Berlangsung sejak 4 hingga 13 November 2024, di Musuem Balla Lompoa ini diisi dengan enam kegiatan ini. Mulai dengan Kajian Aksara Lontara, Kajian Tari Peppe-peppe RI Makka, Kajian Payung La’lang Sipolong, Kajian Karaeng Pattingalloang, Seminar Budaya “Prosesi Bunting Mangkasara”, dan Lomba Membaca Syair Sinrilik.

“Selain ini menjadi rangkaian peringatan HJG, kami juga melaksanakan kegiatan ini sebab telah menjadi program rutin, khususnya dalam pengelolaan Museum Balla Lompoa. Kita mengambil lima tema ini sebagai bentuk keresahan dari beberapa tokoh budaya, adat, bahkan masyarakat bahwa topik yang dibahas ini perlu sebab sudah tergeser atau dilupakan,” terang Kepala Bidang Kebudayaan Disparbud Gowa Muh Ikbal Thiro, dikonfirmasi, kemarin.

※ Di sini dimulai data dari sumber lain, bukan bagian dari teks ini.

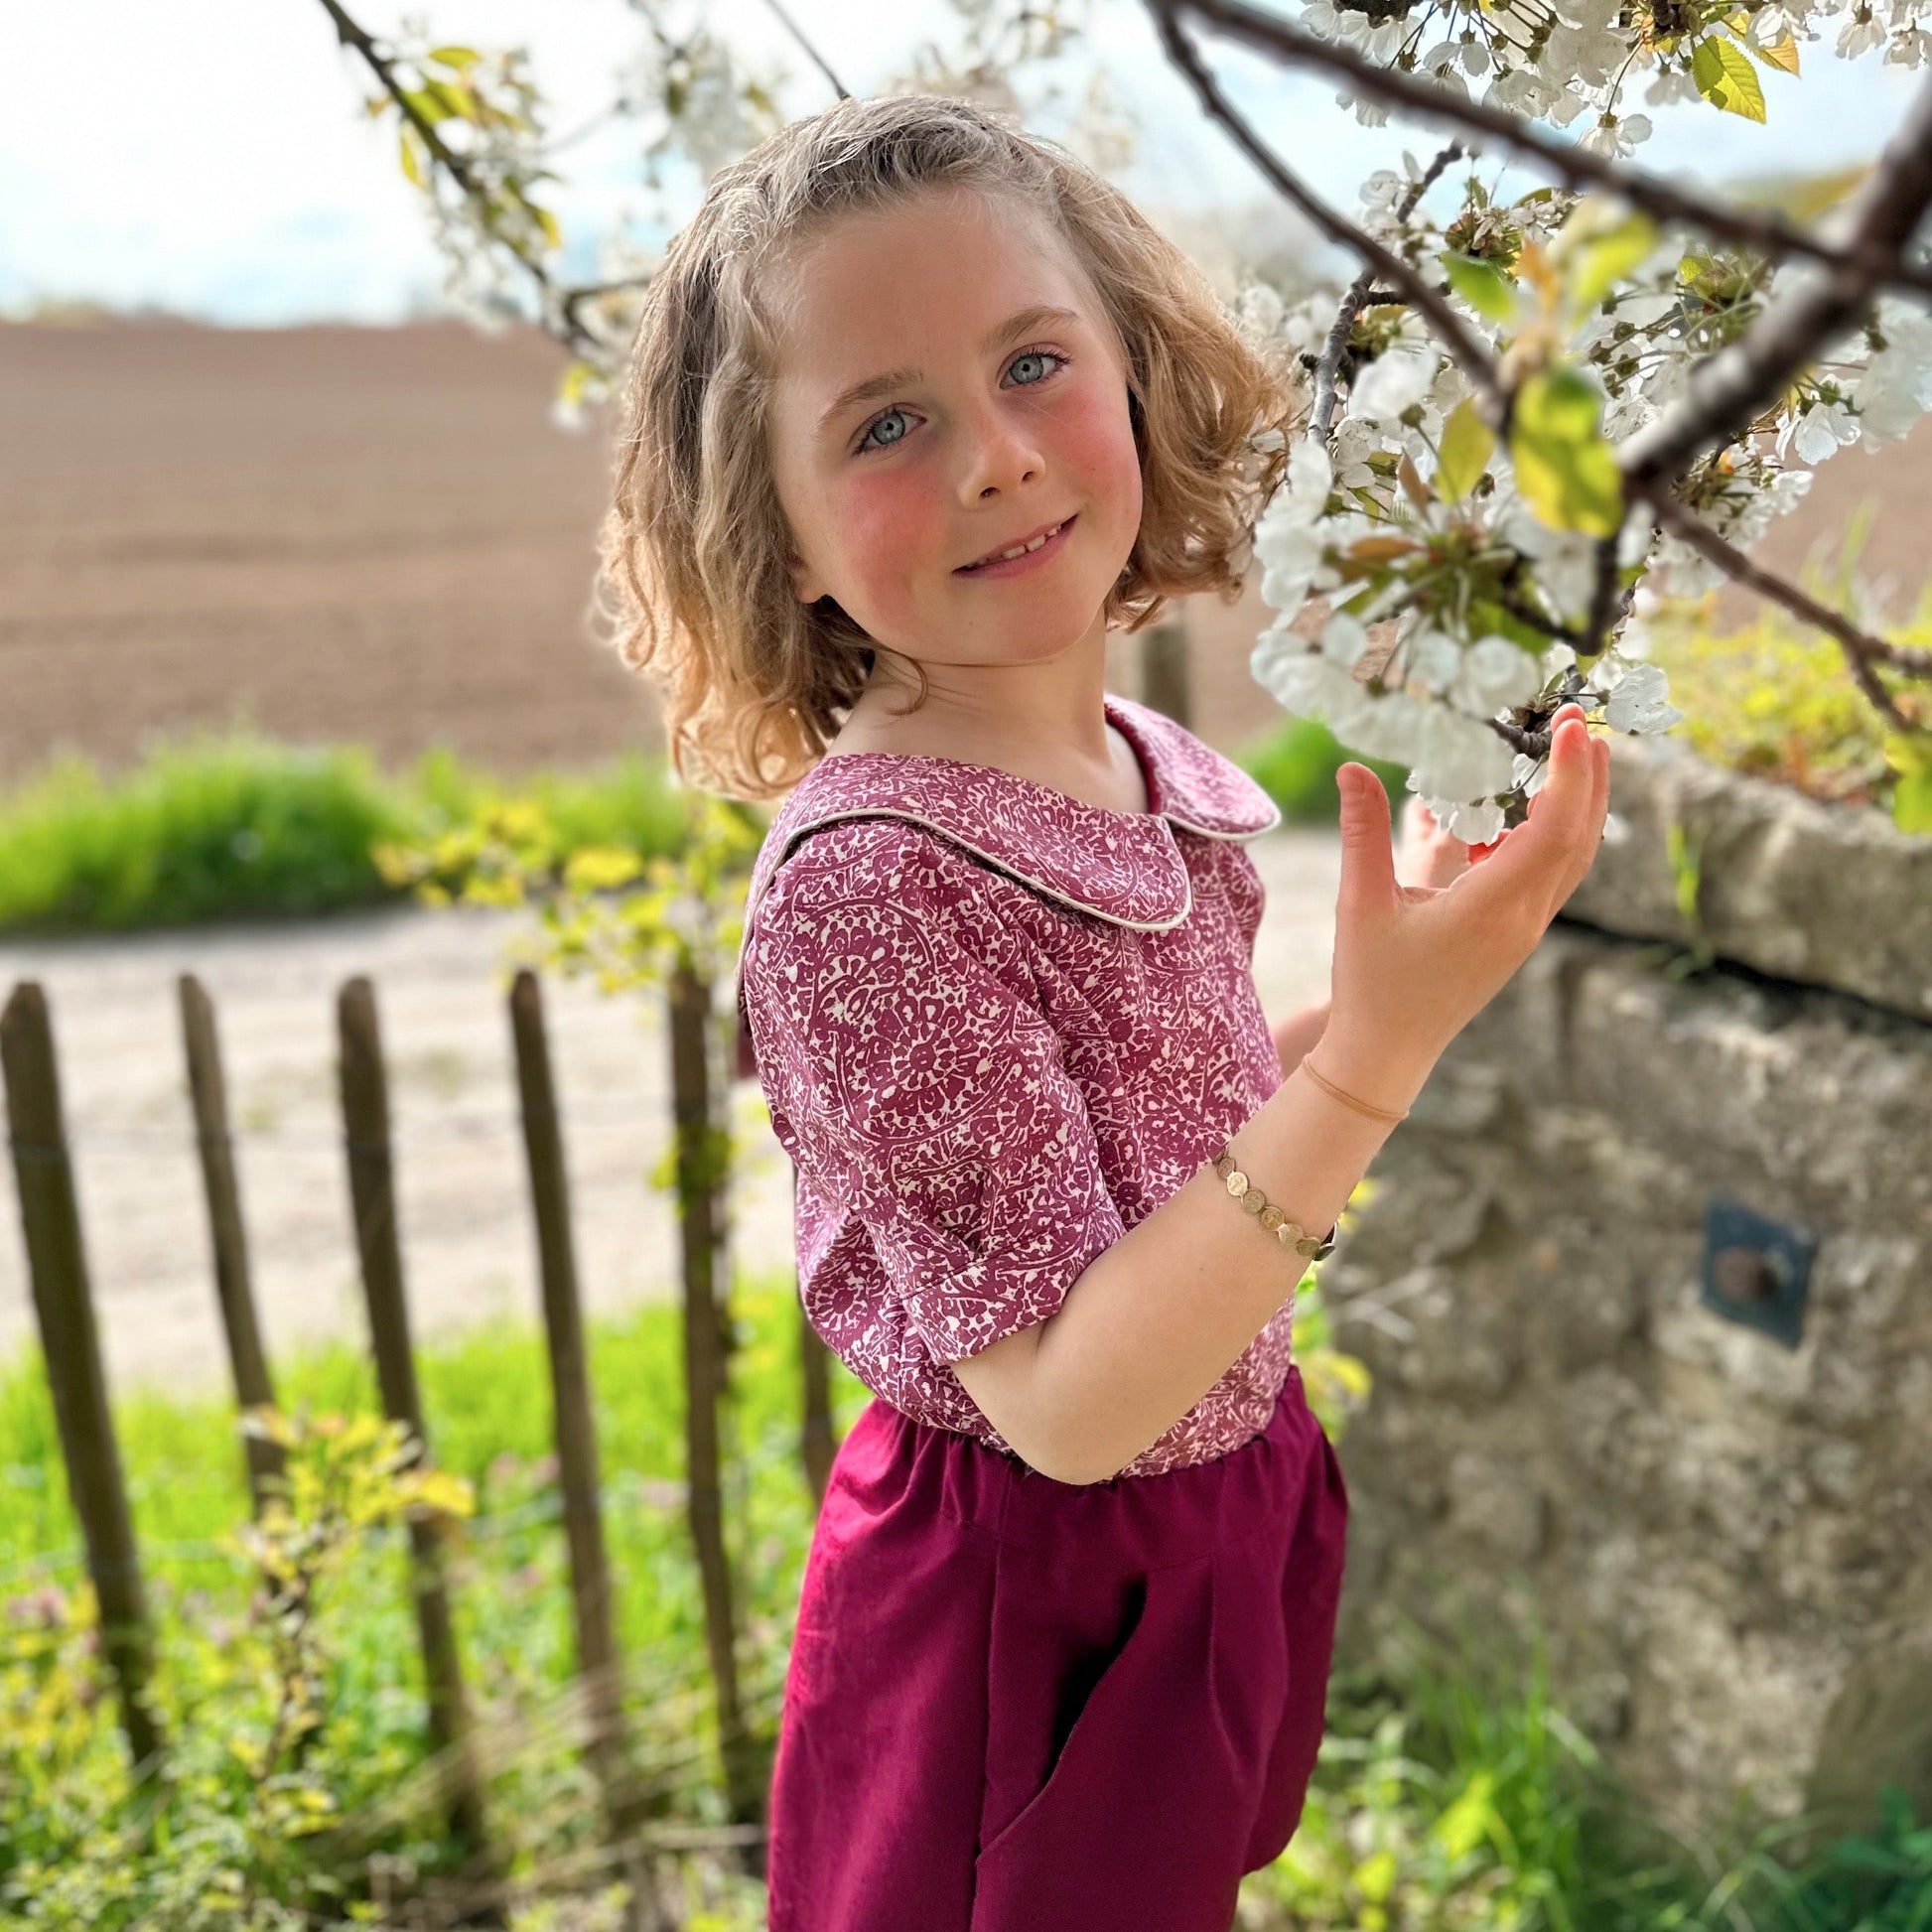 Couture enfant : les jolis patrons gratuits pour la garde-robe de printemps
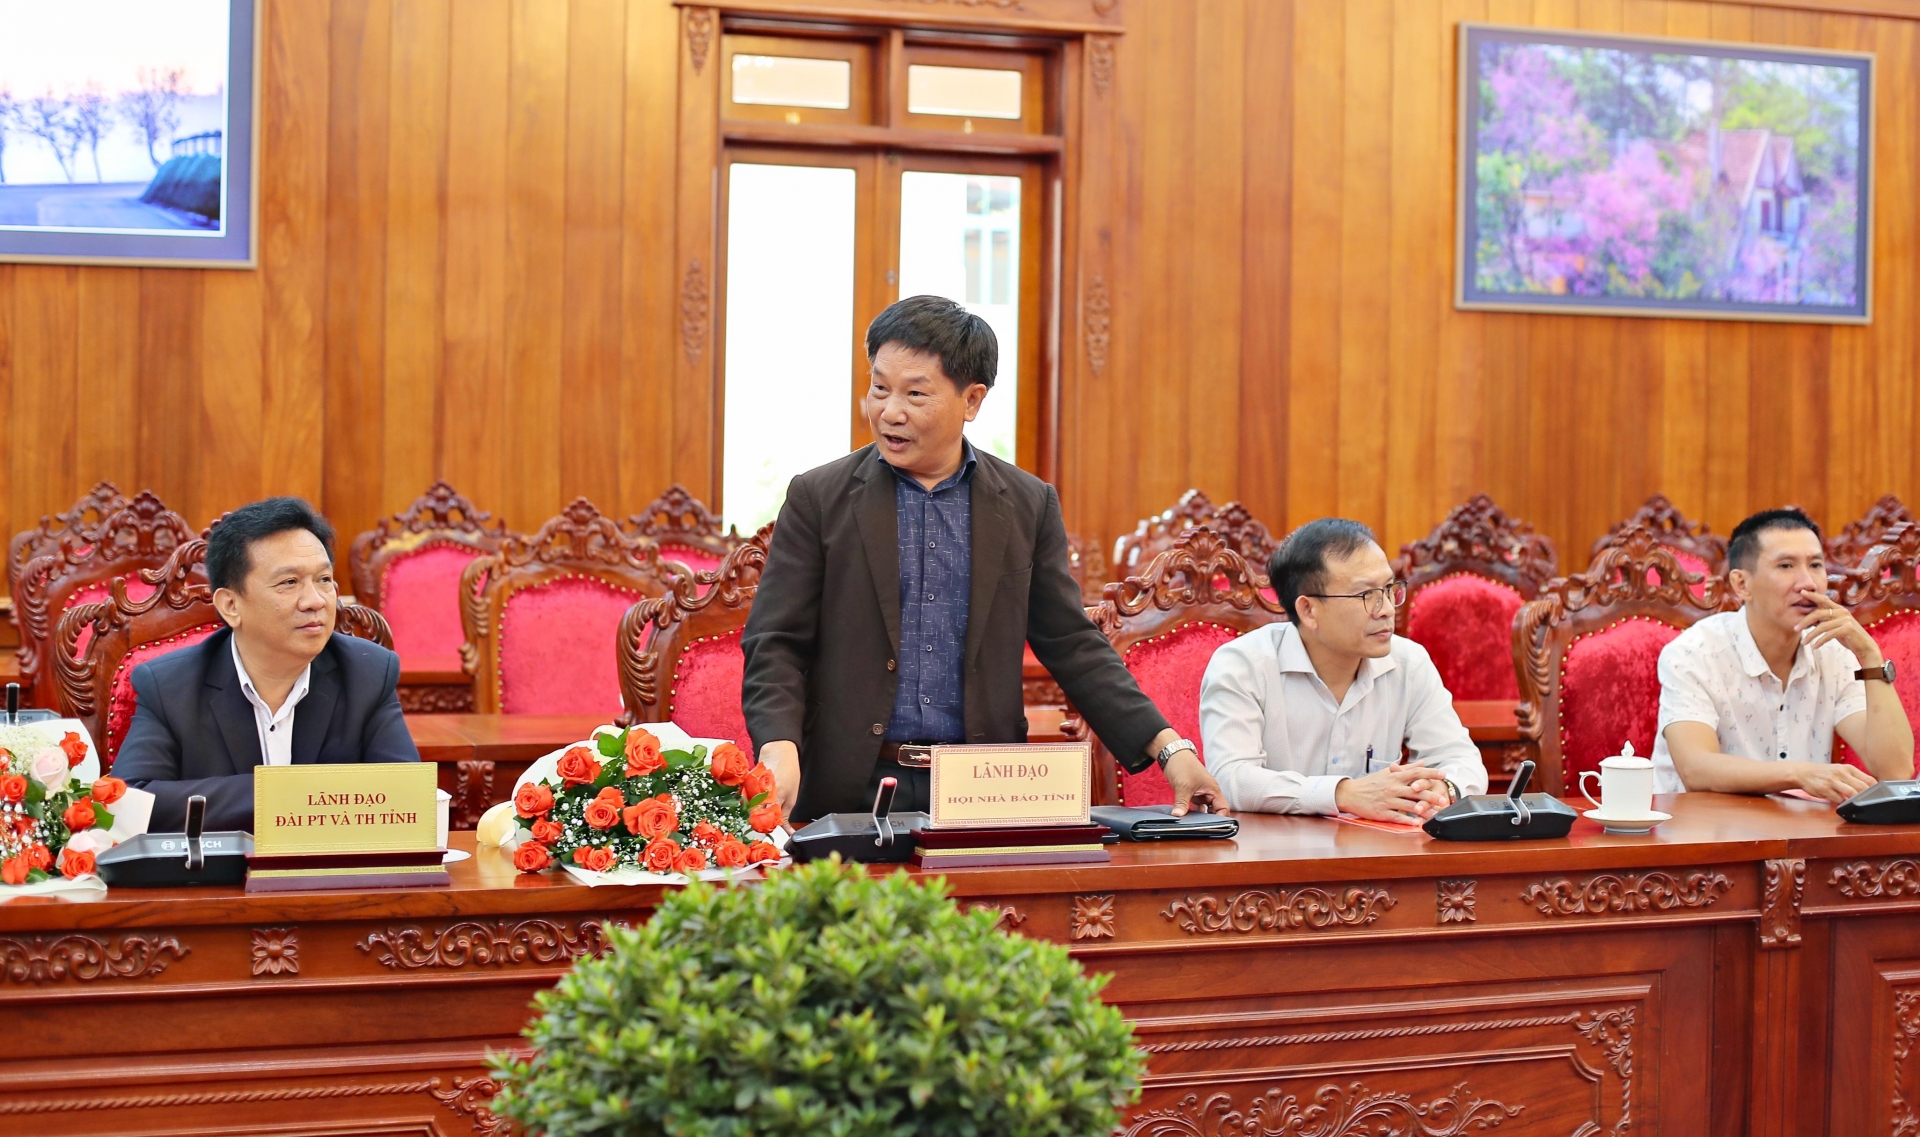 Chủ tịch Hội Nhà báo Lâm Đồng Lê Văn Tòa phát biểu cảm ơn sự quan tâm của lãnh đạo tỉnh tại buổi gặp mặt
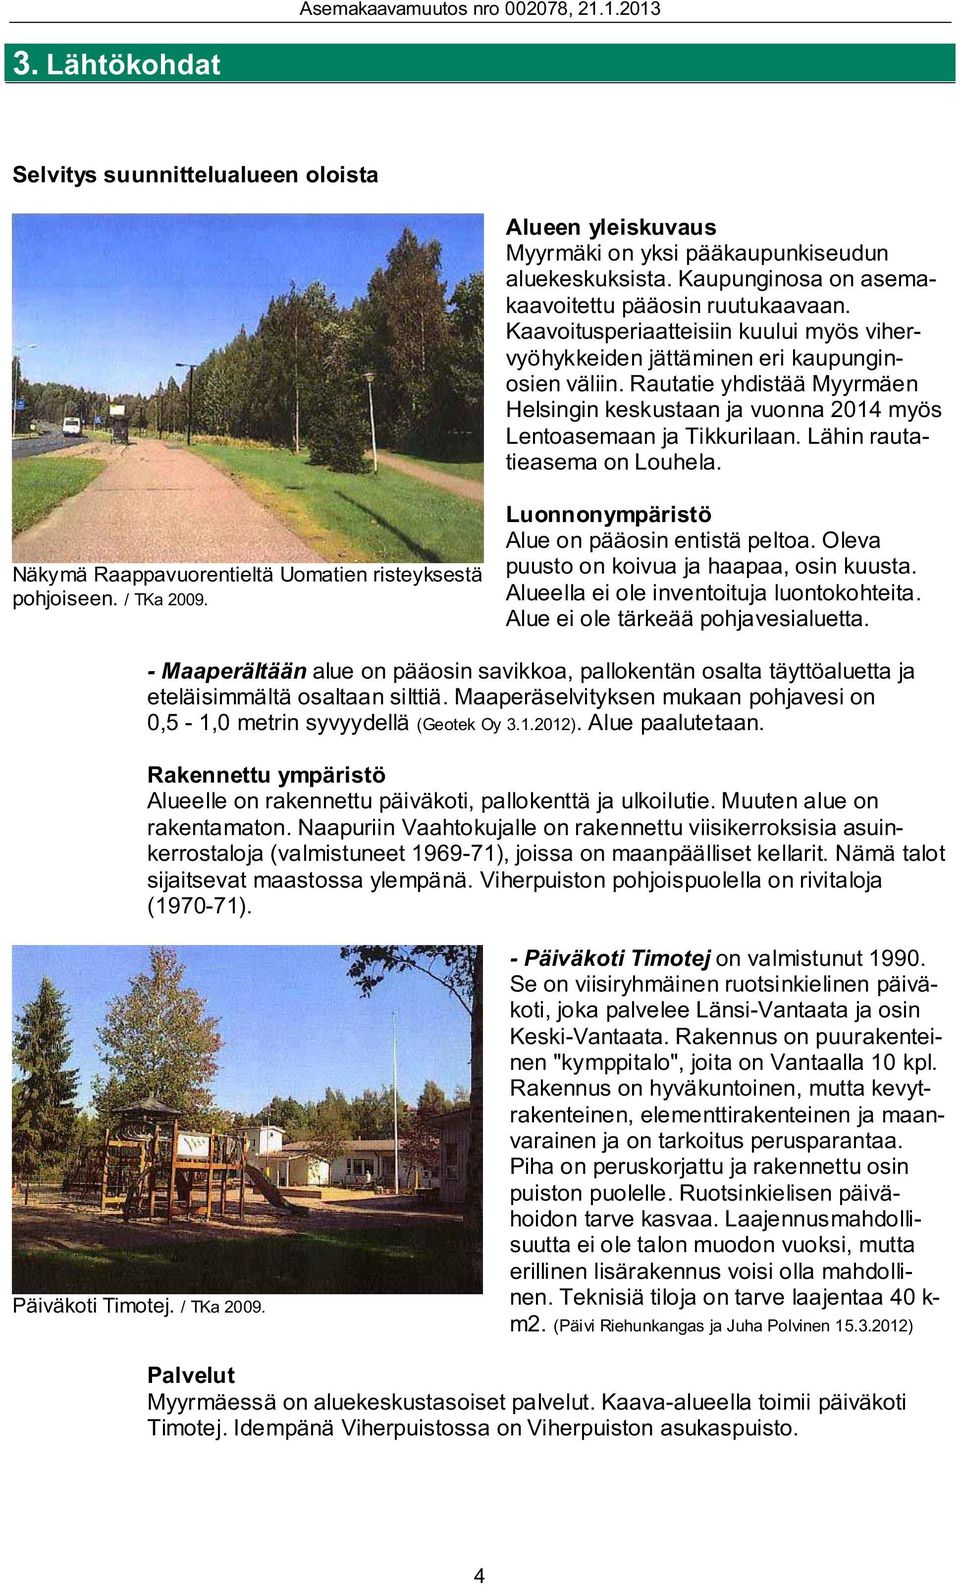 Lähin rautatieasema on Louhela. Näkymä Raappavuorentieltä Uomatien risteyksestä pohjoiseen. / TKa 2009. Luonnonympäristö Alue on pääosin entistä peltoa. Oleva puusto on koivua ja haapaa, osin kuusta.
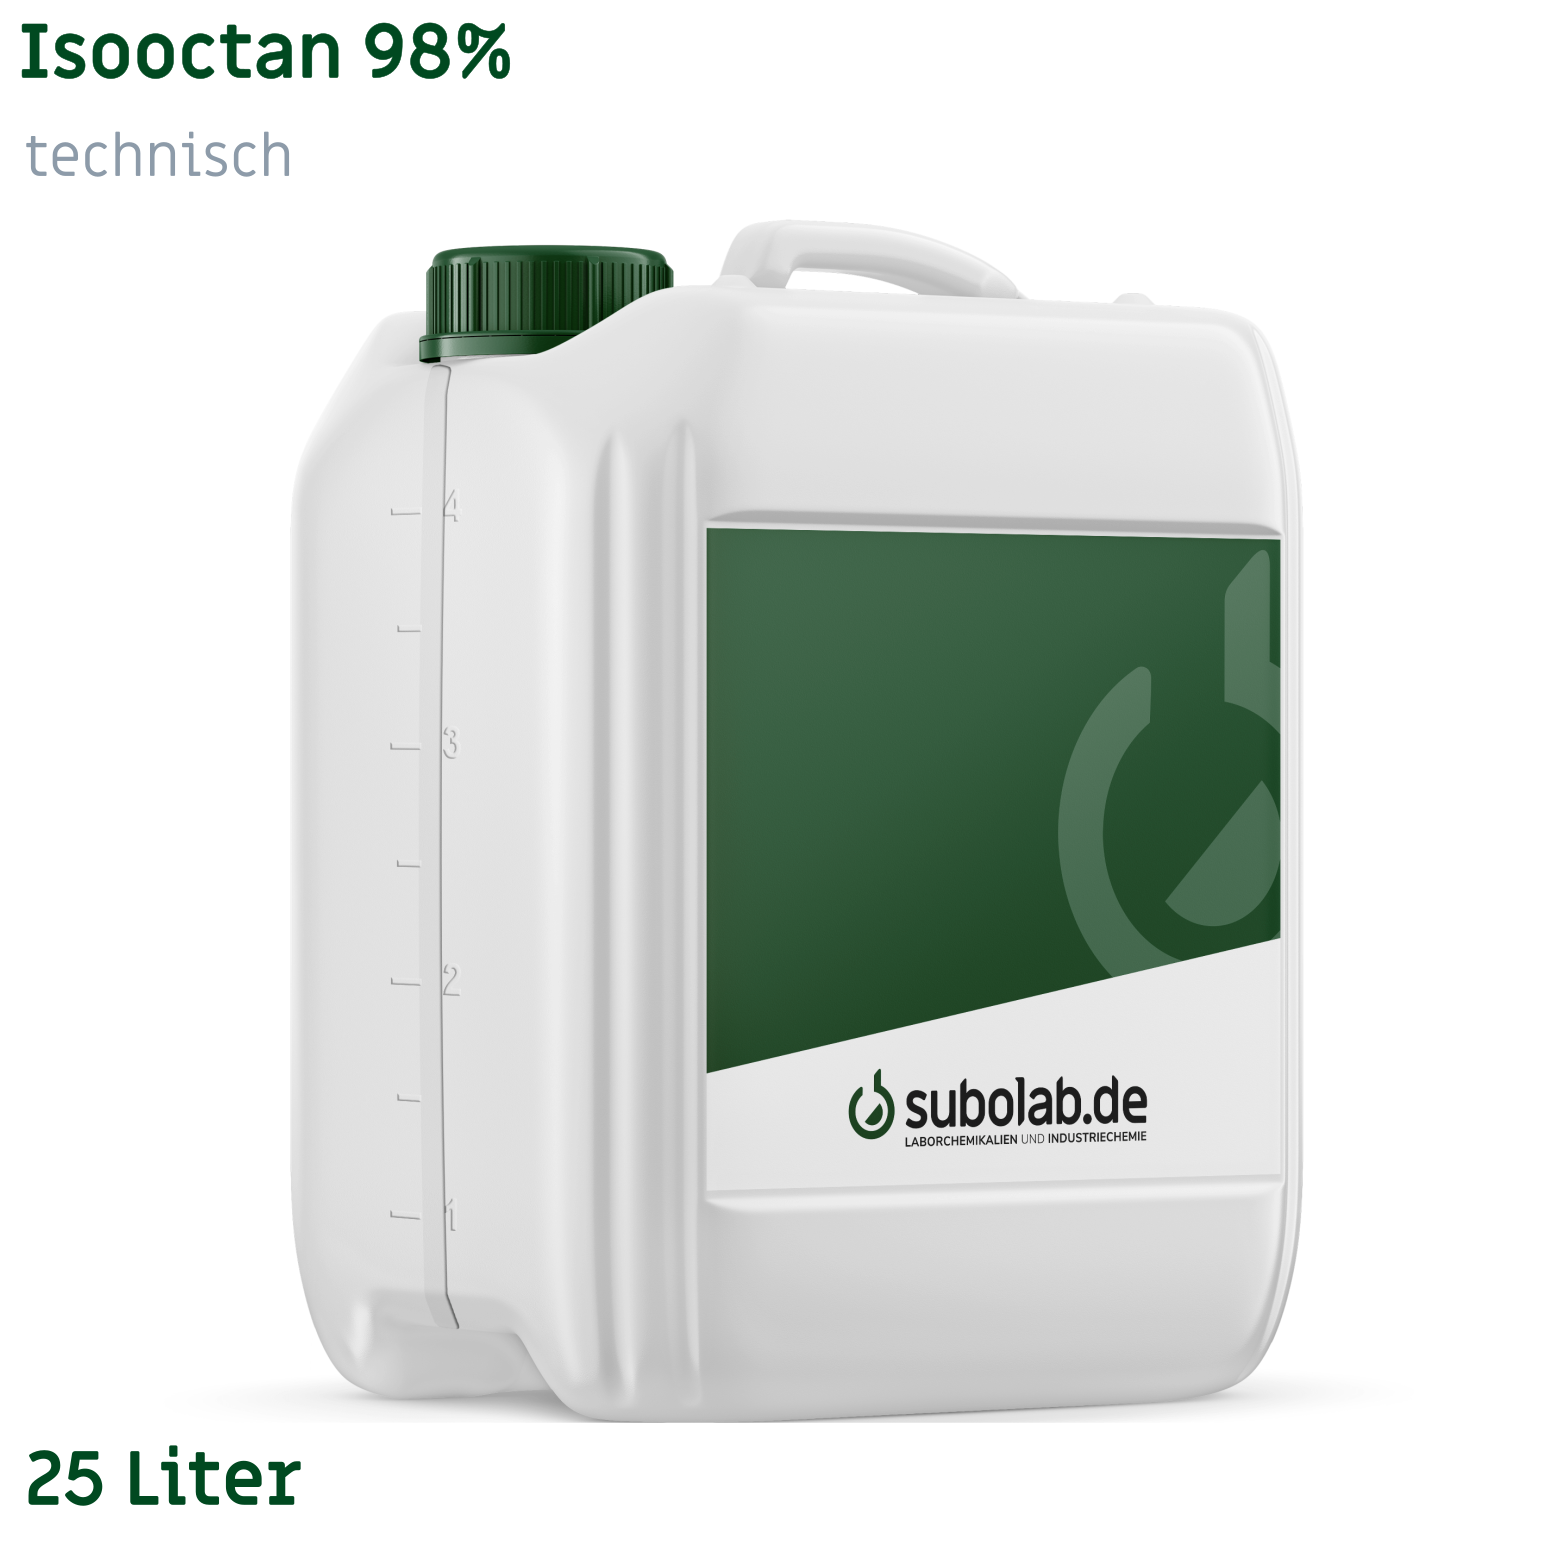 Bild von Isooctan 98% technisch (25 Liter)

Termasuk adanya pembelokan makna, dimana sebelumnya masyarakat kaya dengan istilah-istilah identitas kebudayaan dan adat Gowa-Makassar, namun saat ini masyarakat, khususnya generasi saat ini lebih bangga menggunakan istilah-istilah dari daerah lain. Misalnya, penggunaan kata mappaccing (malam pacar) dalam prosesi jelang pernikahan saat ini umum digunakan, sementara itu bukan menjadi istilah masyarakat Gowa.

“Kita akan ada namanya juga akkorongtigi, nah sementara yang sering digunakan saat ini itu mappaccing. Inilah yang ingin kita kembalikan pada identitas sebenarnya,” terang Kepala Museum Balla Lompoa ini.

Hal penting lainnya yakni, Kajian Aksara Lontara, yang dianggap penting untuk kembali diangkat pada setiap-setiap jenjang pendidikan. Olehnya, dalam kegiatan tersebut pihaknya melibatkan para guru-guru SD dan SMP dengan harapan bisa memberikan pemanahan untuk mengenal aksara lontara ini.

“Minimal para guru ini bisa memperkenalkan bahwa Gowa memiliki aksara atau tutur kata Mangkasara’ yang harus dibanggakan. Sebab, tidak semua suku bangsa memiliki aksara. sementara orang Gowa bunya aksara dan bahasa Makassar,” tegasnya.

Ia berharap, melalui kegiatan yang dilaksanakan tersebut pihaknya dapat mengangkat kembali apa yang menjadi identitas lokal, baik dalam hal adat istiadat maupun pada konteks kebudayaannya. Terutama, di perkembangan modernisasi saat ini.

“Misalnya dari hasil kegiatan Kajian Aksara Lontara kemarin kami mendengar bahwa kita ini memang tidak memiliki guru khusus terkait bahasa lokal. Jadi guru-guru di SD dan SMP yang mengajar itu (aksara lontara) hanya otodidak, bukan khusus, makanya ini jadi perhatian bagi kami pemerintah untuk pelestarian ini,” tegas Ikbal Thiro.

Lanjutnya, pemilihan lokasi di Museum Balla Lompoa sebab selain sumber anggaran kegiatan berasal dari bantuan Kemendikbudristek melalui Dana Alokasi Khusus (DAK) pengelolaan musuem, juga karena museum merupakan sumber informasi dan edukasi bagi masyarakat tentang budaya, sejarah dan adat istiadat lokal daerah.